2. The native Concurrency Runtime does not inject threads like the .NET tasks runtime does - this is because we offer co-operative yielding primitives, and other tasks can run if tasks block using these primitives.
Thanks for the responses Geni. Regarding:
1 - I use TlsAlloc() before starting any ppl work in order to allocate a Tls slot(index) to be used from ppl tasks. Inside tasks I use that slot(*same* slot) in order to store/read user defined information. I need that slot untill application exits when I do TlsFree(tlsSlot). I think in my case I don't need to allocate the same slot/free(using TlsAlloc()/TlsFree()) for every task started. I wonder what the performance implications would be in this case for what you have said (parallel for loop where every index is a task) but things like this can be mesured.

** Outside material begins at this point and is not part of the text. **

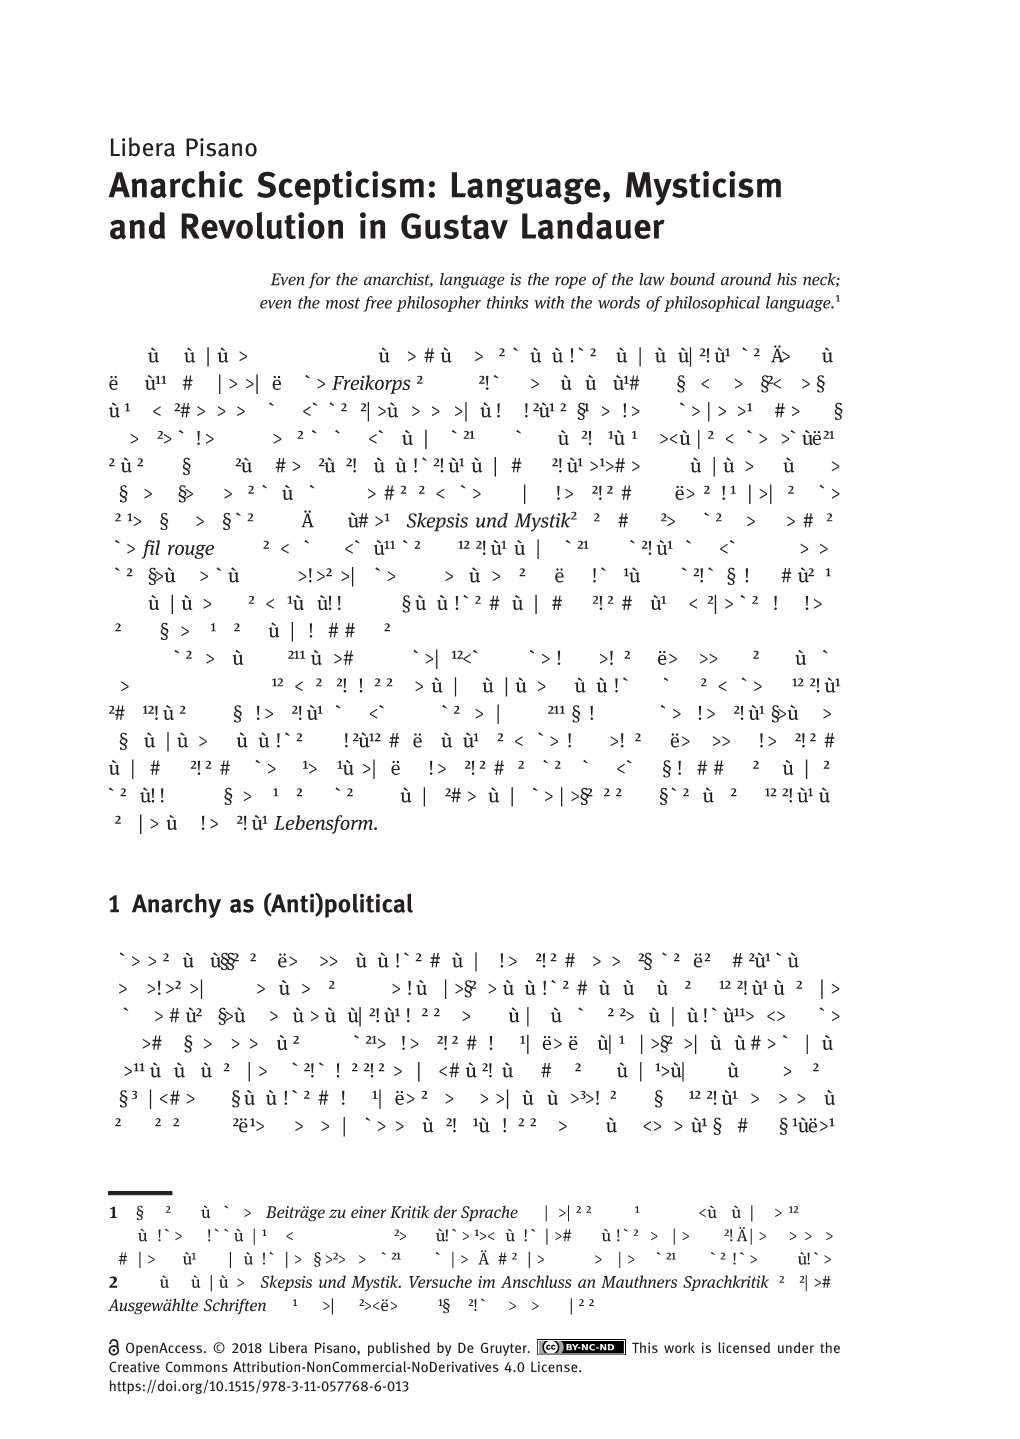 Language, Mysticism and Revolution in Gustav Landauer

2. So basically co-operative yielding primitives just tell the processor that executes the current task that there is not work to be done (at least for the current task) and that triggers stealing work from other work queues resulting in an additional thread to be spawned for this.
-
Samstag, 28. April 2012 00:32
Yes, you don't need to use TlsAlloc/TlsFree for every task. I take it you're saying that if you store data into the slot from one task, and then another task starts up on that thread when the first task finishes, it doesn't matter that there is some data stored in the slot.
The co-operative yielding primitves tell the processor to either execute another thread that is ready to run or to use a new thread to execute tasks in the queues. Note that with co-operative blocking - such as with critical_section::lock() when the lock is already acquired, the task when unblocked by the task that releases the lock does not immediately start executing. instead it goes on a 'ready queue' in the ConcRT scheduler if all processors are busy executing tasks, and only when some executing processor is out of tasks, or the task on it is blocking/yielding, the ready task can run. If it results in spinning up a new thread that thread can steal work from other threads queues.